Tangential to the notion of Plottable objects: if there were a standard protocol for passing data and style arguments to all plotting methods, it would be easier to build robust, higher level axes factories. Facets are one such factory, but there are others. For example (and not the prettiest, I admit), see the map at http://www.tableausoftware.com/public/gallery/new-jersey-test-score-analysis-visualization. It’s basically a faceted group of pie charts, that are positioned and sized according to more data. The generalized description is something like:

atomic_plot + faceted_by(variable) + positioned_by(x, y) + sized_by(z)
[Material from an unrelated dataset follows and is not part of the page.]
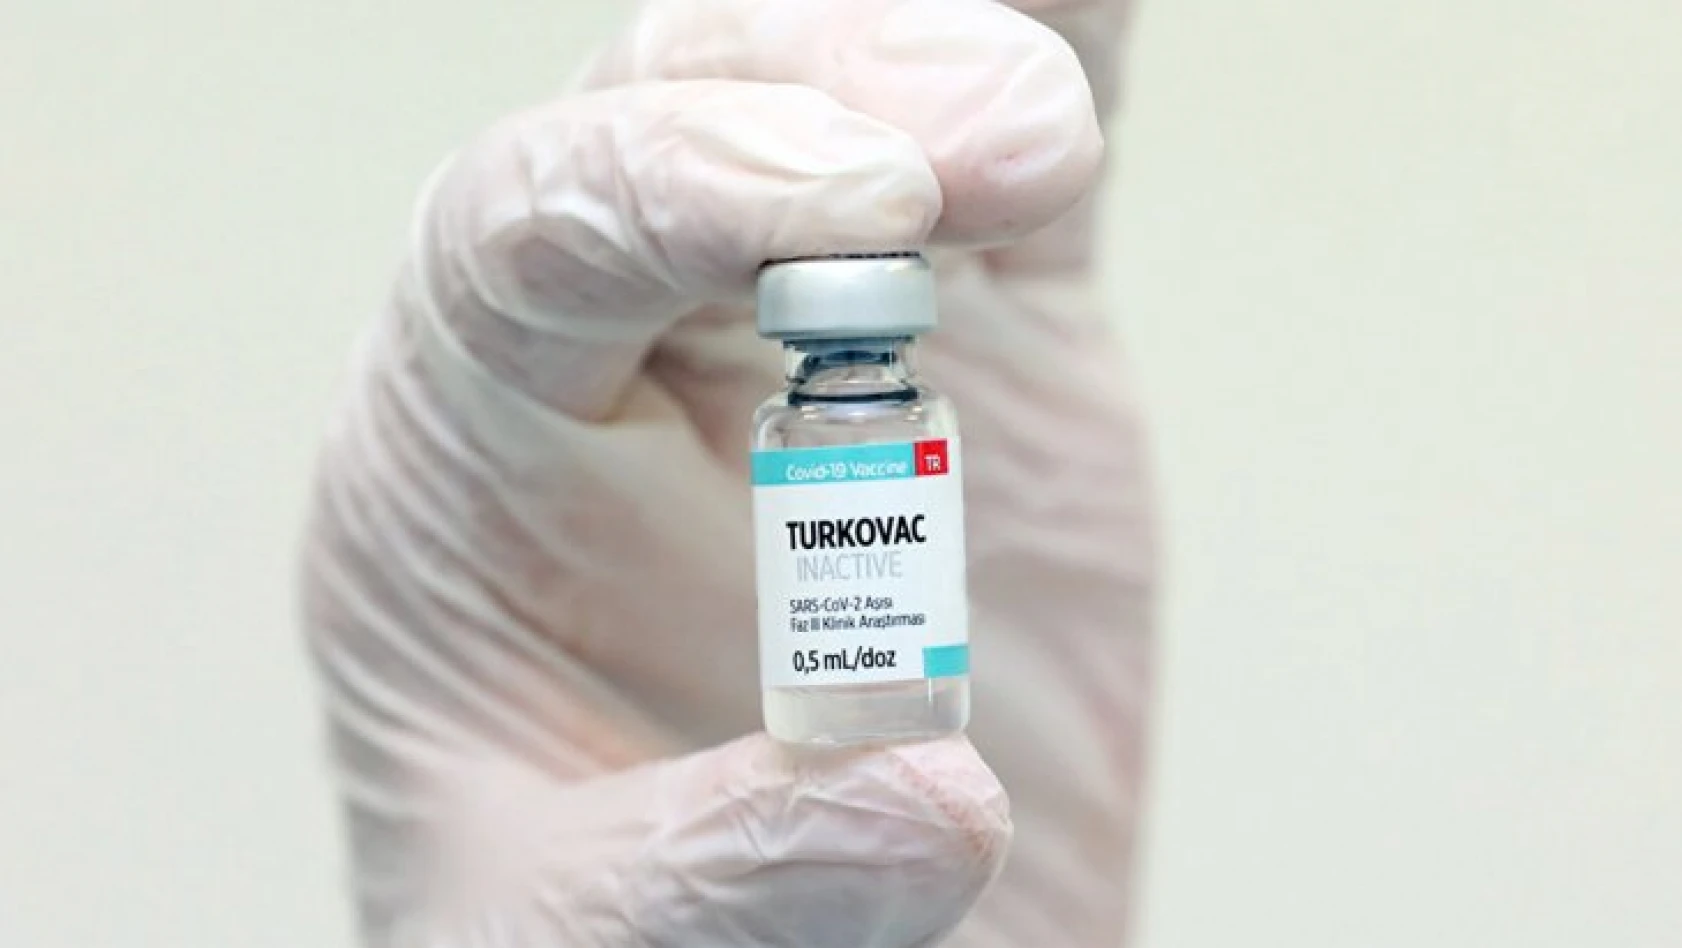 Yerli koronavirüs aşısı TURKOVAC için acil kullanım izni çıktı

Where atomic_plot is an axes plot method (e.g., ax.pie, but why not ax.bar or any other single-variable plot?). You could imagine building a layered API like this, and it would be easier if the interface for all atomic_plot objects were compatible. Matplotlib was first built to win converts over from matplotlib – with a layered API, you can start converting the ggplot/d3/bokeh/vega community :slight_smile:

Cheers,

Chris

What would feel more natural is if I could do the following:

f = Facet(…)

ax.facet(f, ‘scatter’)

Admittedly, functions like plot() are a total disaster, they take a plethora of different argument orders and types and try to conform to many calling signatures at once. Specifically, the way the data is passed to the plotting method varies wildly.

I think your Faceted plotting API supports exactly what I’m hoping to see matplotlib will move towards:

class Facet(matplotlib.Plottable)

def init(self, …)

f = Facet(…)

ax.scatter(f)